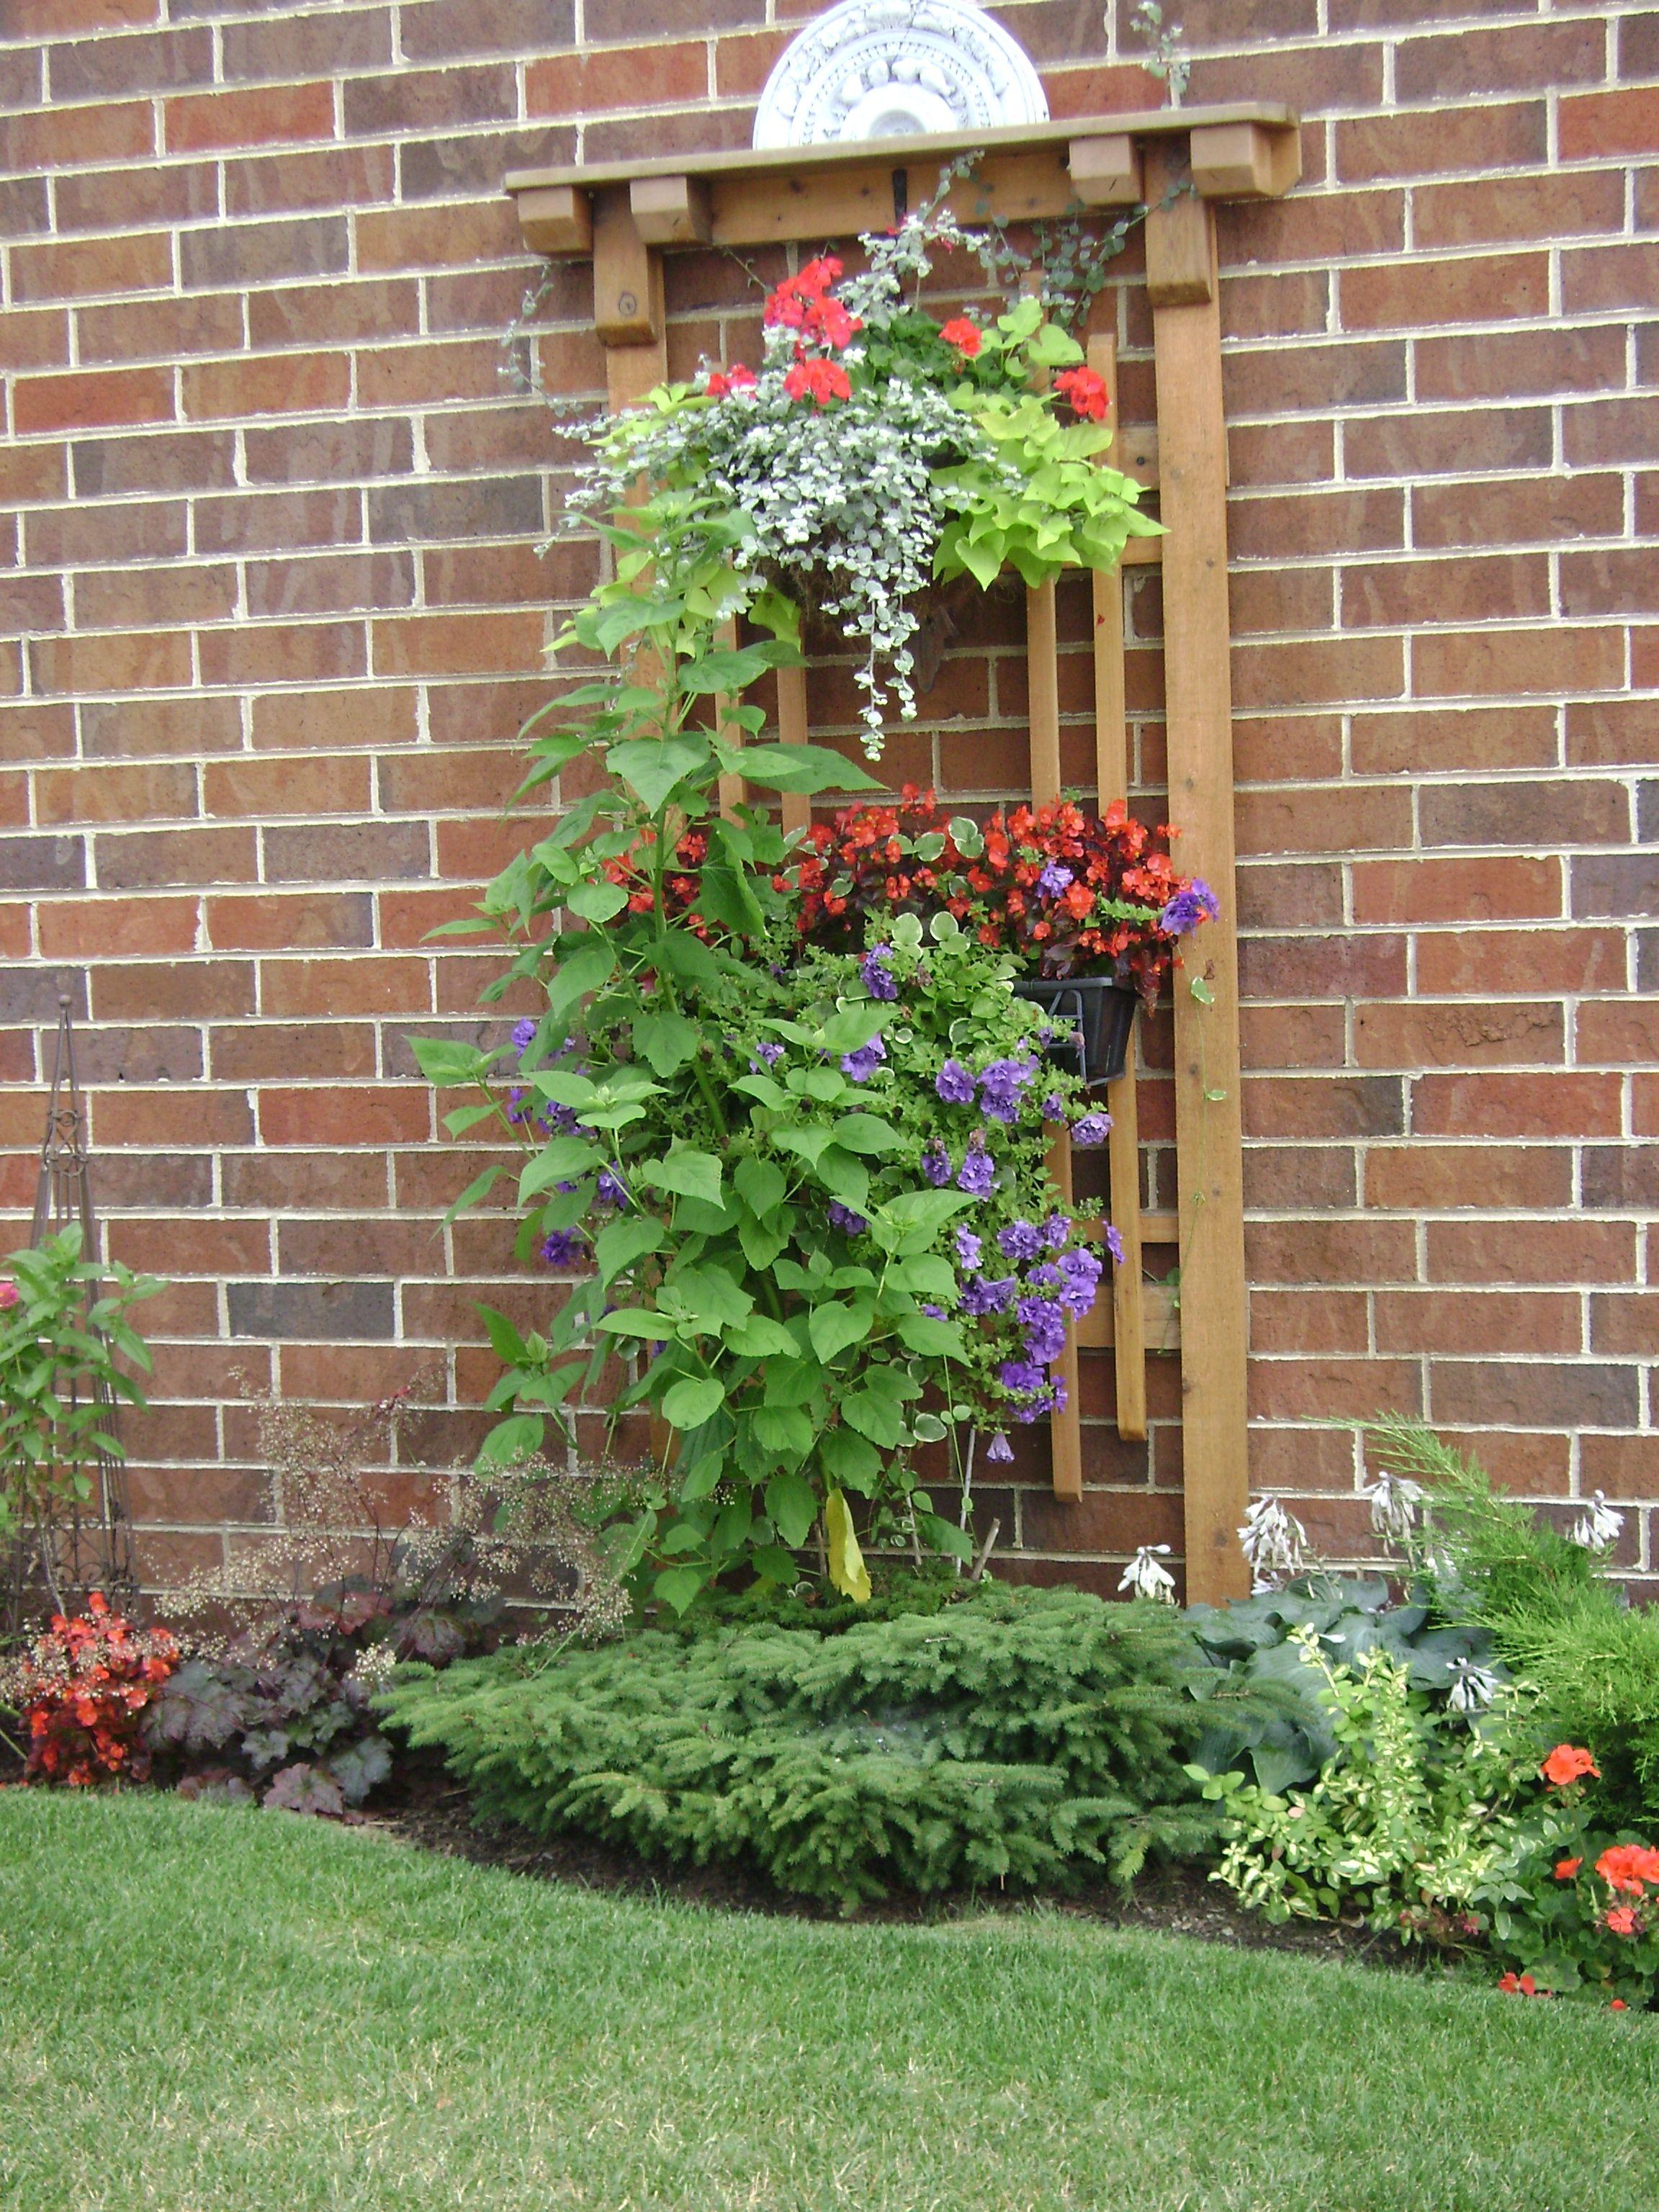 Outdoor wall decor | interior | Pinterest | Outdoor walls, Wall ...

* * *

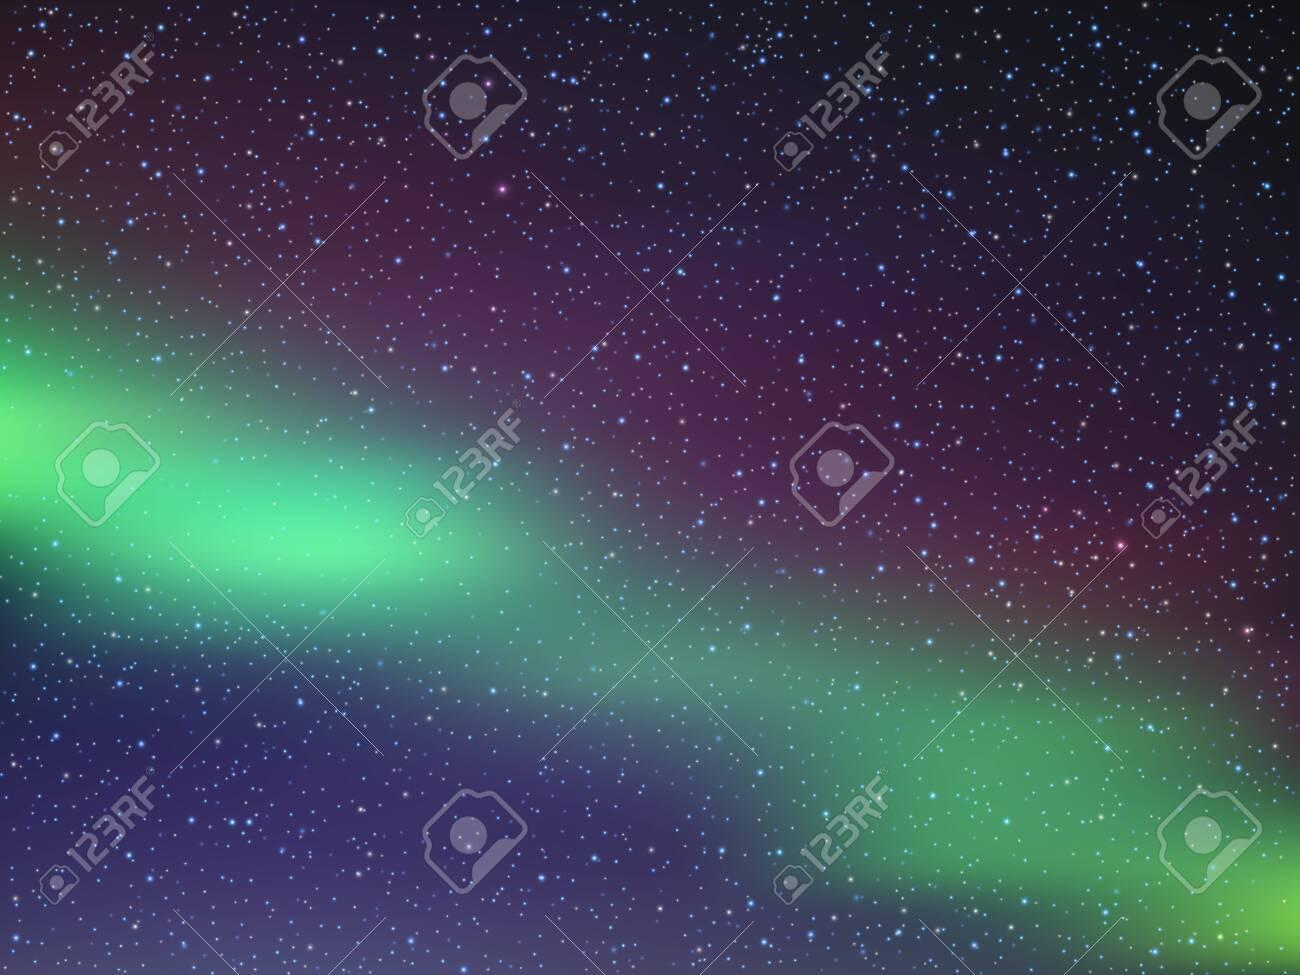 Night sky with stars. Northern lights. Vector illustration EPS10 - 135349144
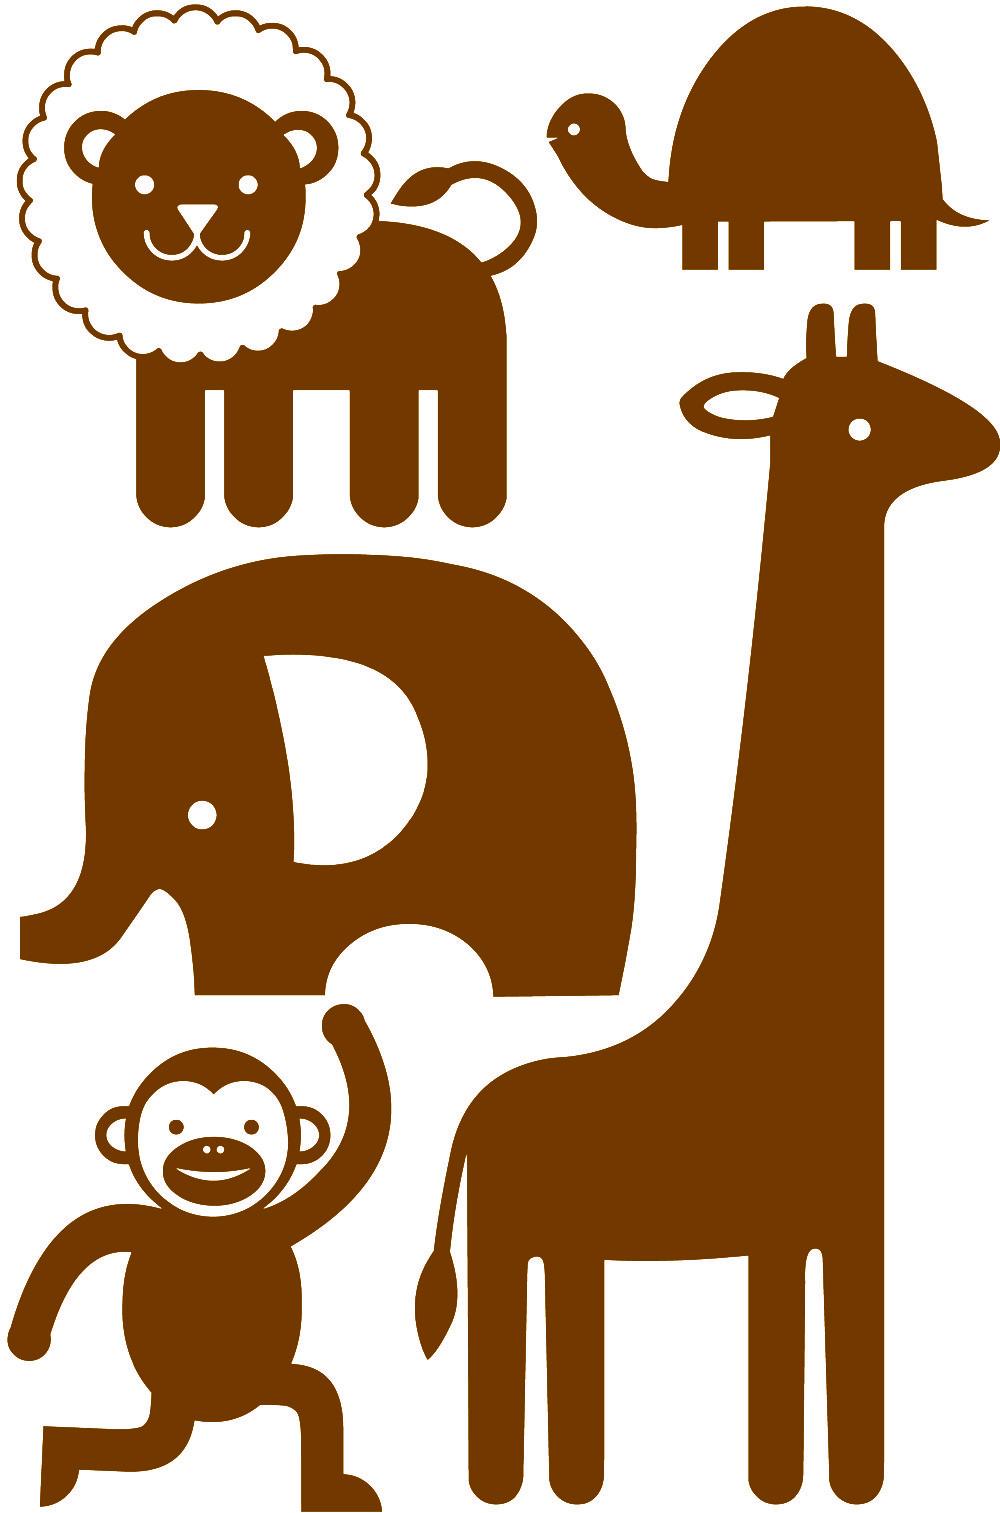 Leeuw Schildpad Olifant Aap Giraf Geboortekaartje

* _Problem to work on_: Above, find the line with "Night sky with"; copy it and every line down to the line with "Leeuw Schildpad Olifant", exactly and both included, but no pictures.

* _Written answer_:
 Night sky with stars. Northern lights. Vector illustration EPS10 - 135349144
 Leeuw Schildpad Olifant Aap Giraf Geboortekaartje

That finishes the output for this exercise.